We are looking for an ambitious individual who never gets tired of handling a large pool of unstructured data sources generated from multiple online and offline sources.
Data is the most important fuel for the solutions we build at our company. Build tools and frameworks which can scrape data without much developer intervention.
Our goal is to build 100K+ of stable data pipelines. This requires a high degree of automation processes. As a Web Scraping focused Data Engineer, you will be responsible for extracting and ingesting data from websites using web crawling tools.

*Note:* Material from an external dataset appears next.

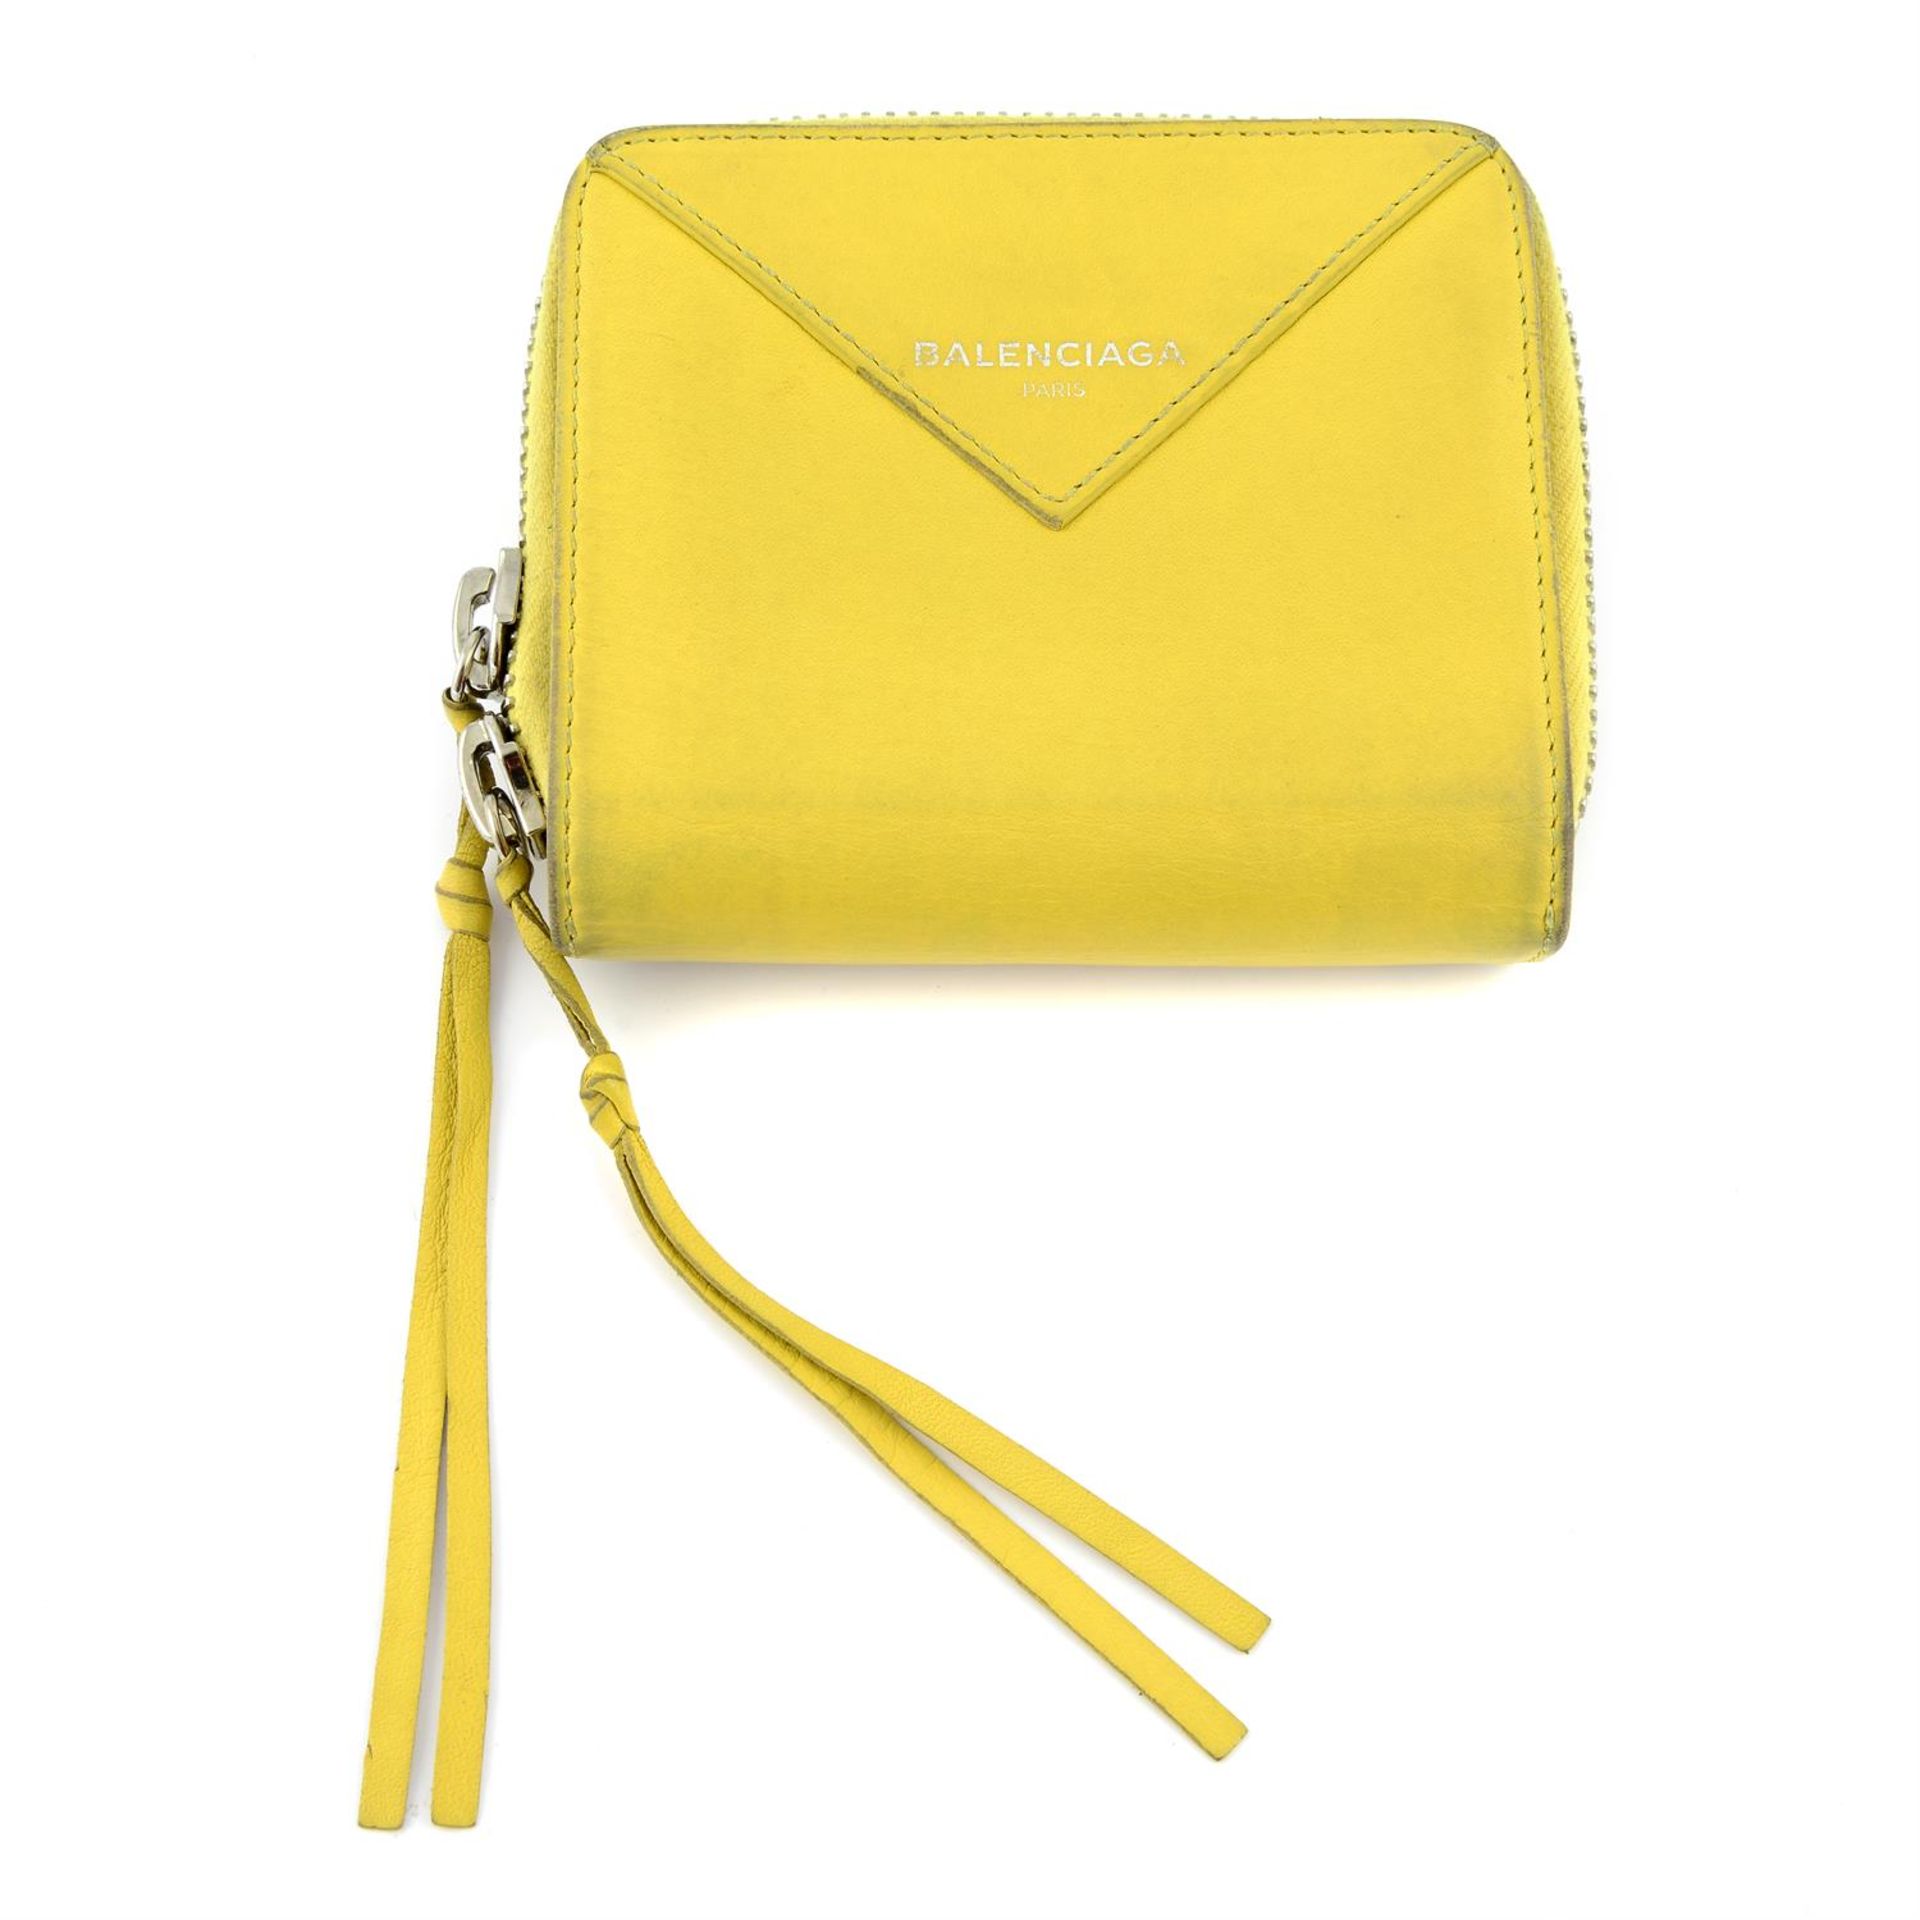 BALENCIAGA - a chartreuse leather compact wallet.

In this role, you will own the creation process of these tools, services, and workflows to improve crawl/scrape analysis, reports, and data management. We will rely on you to test the data and the scrape to ensure accuracy and quality. You will own the process to identify and rectify any issues with breaks as well as scale scrapes as needed.
- Experience running large scale web scrapes
- Solid Python knowledge
- Familiarity with techniques and tools for crawling, extracting, and processing data (e.g. Scrapy, pandas, MapReduce, SQL, BeautifulSoup, etc).
- Familiarity with PDF files management and text/object extraction tools including OCR.
- Experience in e-commerce web scraping is a plus
- Work experience with NoSQL databases to store raw data is a plus
- Experience with version control, open-source practices, and code review
- Experience with applications designed to display archived web content
- Great communication skills (written and Spoken in English)